La patologia è ‘affare’ di uno e di uno solamente, ma la rottura biografica è di tutti, così come le sue implicazioni anche rispetto all’educazione morale di coloro a cui è dato modo di aiutare chi si fa carico della parte sostanziale della cura.

“Se ben educato e coinvolto nel team di cura, il caregiver può effettivamente supplire a funzioni importanti, che al momento risultano non sufficientemente assolte dal Sistema Sanitario Nazionale per motivi organizzativi ed economici”, sostiene Graffigna (2018:99). Certo, tutta l’interessante trattazione che l’autrice sviluppa intorno al concetto di engagement non ragiona in termini generazionali e, proprio per questo, essa appare come una stimolante opportunità di un approfondimento ulteriore da realizzarsi con un intervento di ricerca dedicato.

162 Discorso d’apertura de: “Il diritto “partecipato” alla salute. Bambini, adolescenti e adulti tra protezione e

partecipazione.” Convegno organizzato da LABSIA (Laboratorio Salute Infanzia Adolescenza) dell’Università del Piemonte Orientale, Alessandria, 24 novembre 2017.

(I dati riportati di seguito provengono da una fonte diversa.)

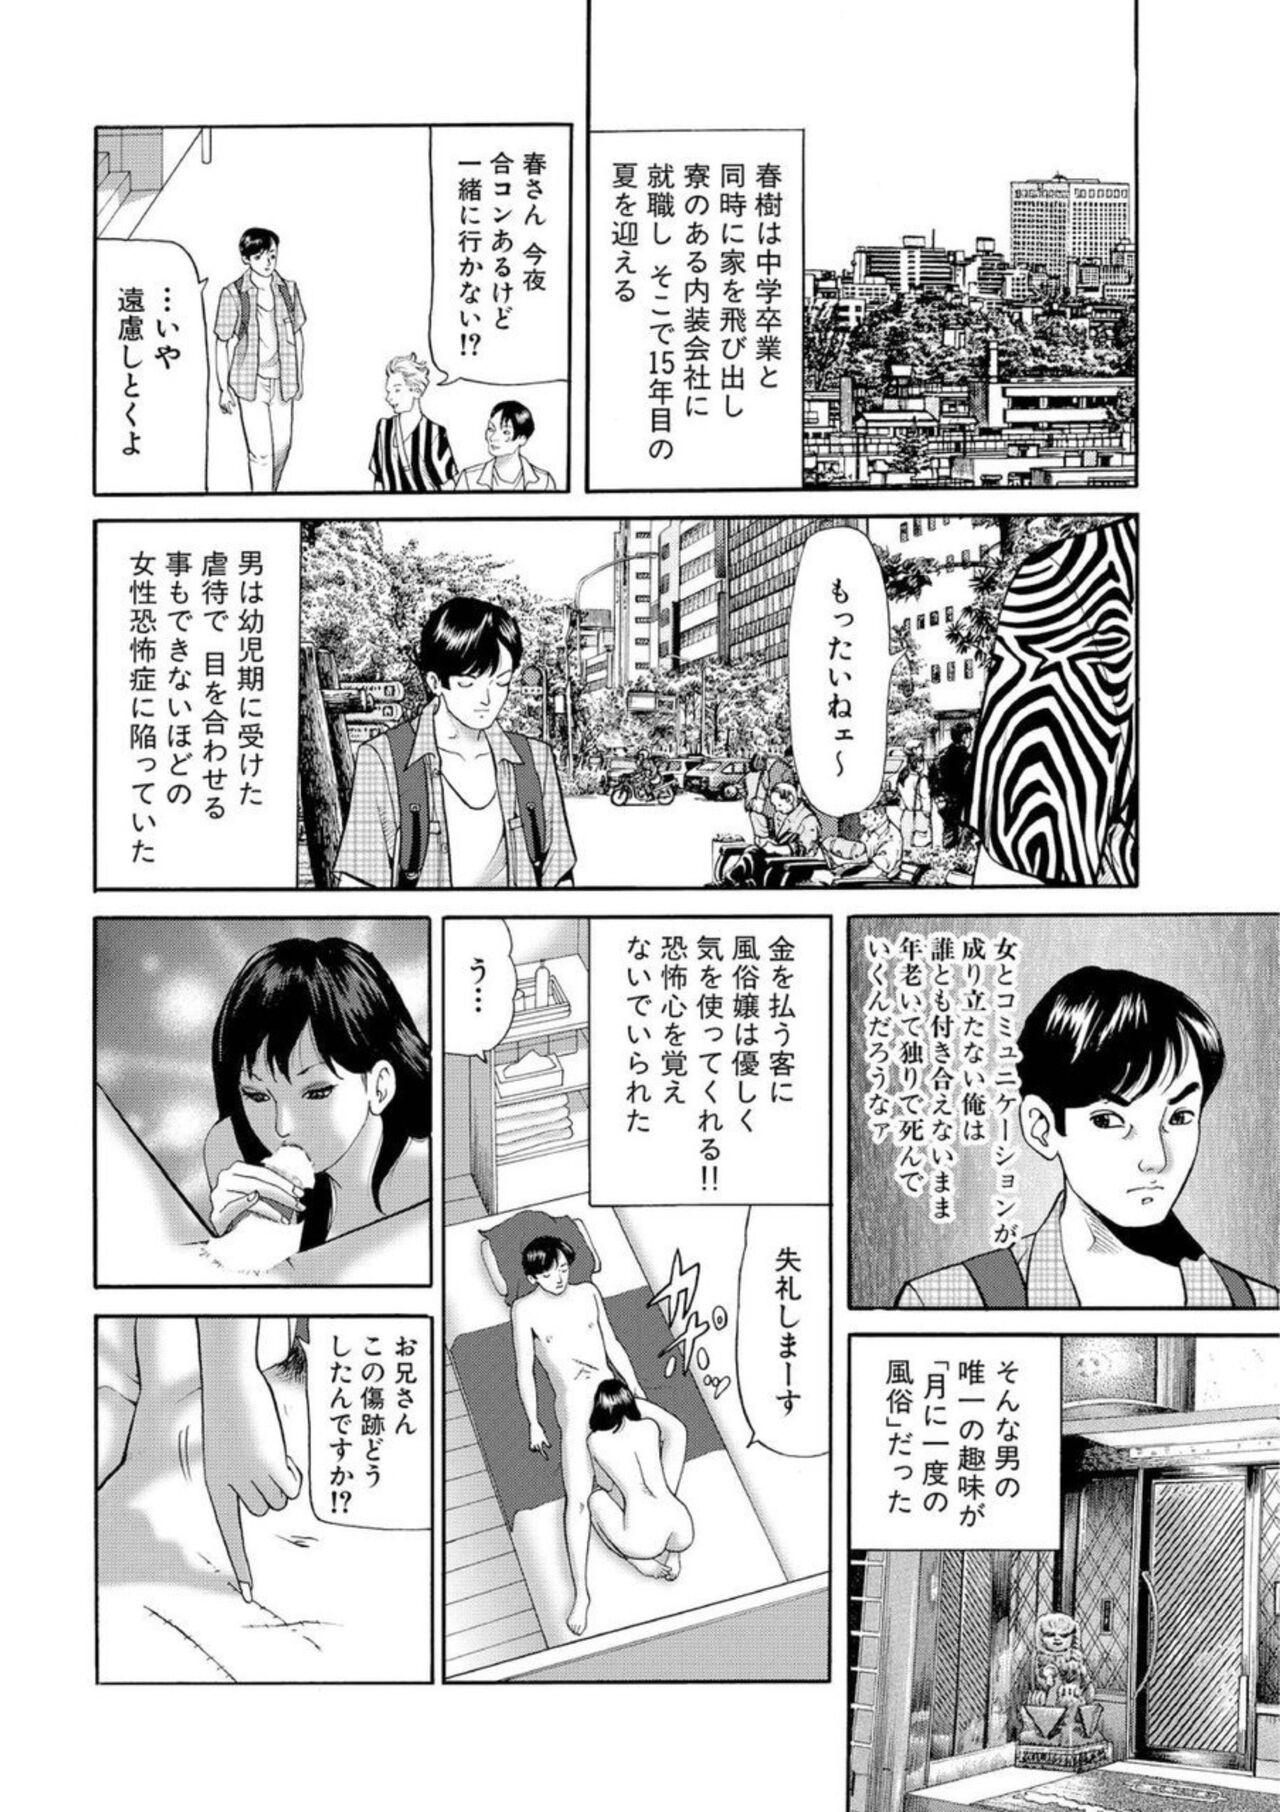 Boy Nyobon Jitsuroku Rape Saiban 1 Cheating - Page 7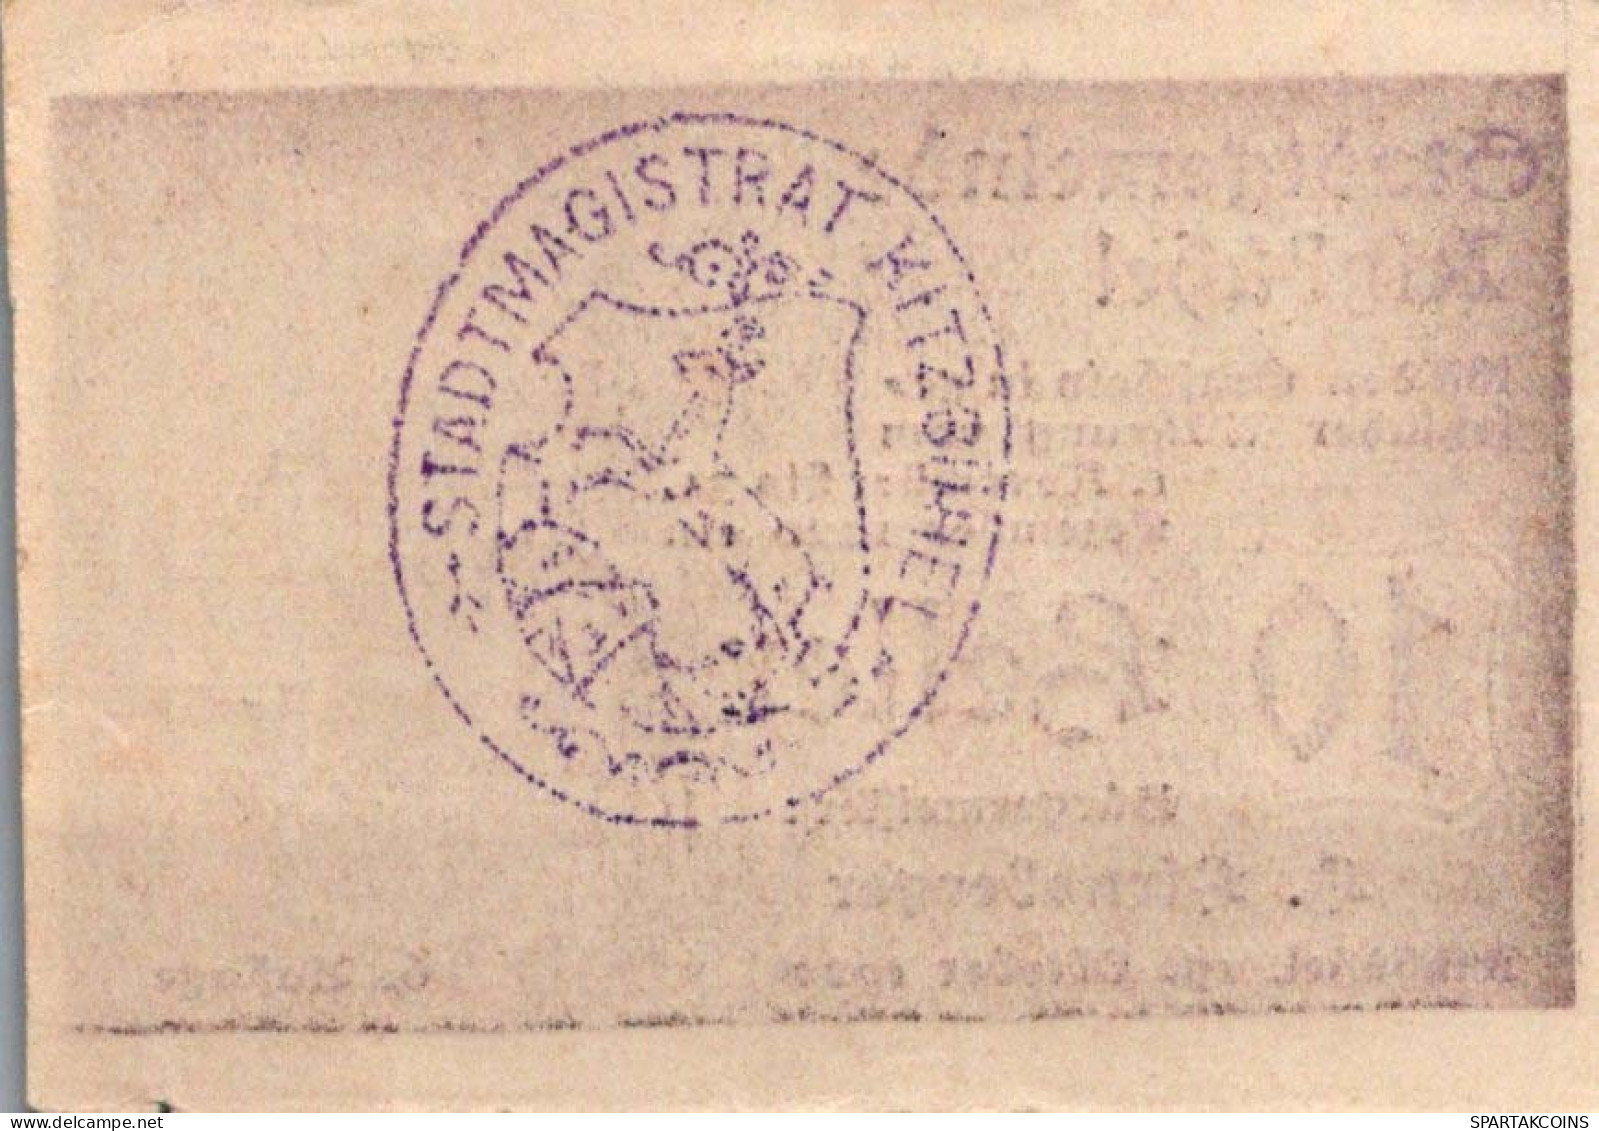 10 HELLER 1920 Stadt KITZBÜHEL Tyrol Österreich Notgeld Banknote #PD684 - Lokale Ausgaben

190 Per Graffigna (2018:98) “L'engagement del caregiver nel processo di cura può essere definito come la sua capacità di cercare attivamente informazioni legate alla salute e alla cura del proprio assistito e di partecipare nella condivisione delle scelte terapeutiche. Il ruolo attivo del caregiver va considerato anche nel processo di decision-making condiviso relativo alla pianificazione delle attività quotidiane e di vita del malato.”

In conclusione, appare allora legittimo chiedersi: non è tutto ciò deducibile da quanto riportato da molti dei ragazzi e delle ragazze intervistate? Non sono forse le innumerevoli esperienze descritte nelle narrazioni delle peculiari forme di un engagement che da disconosciuta potenza può divenire un significante atto?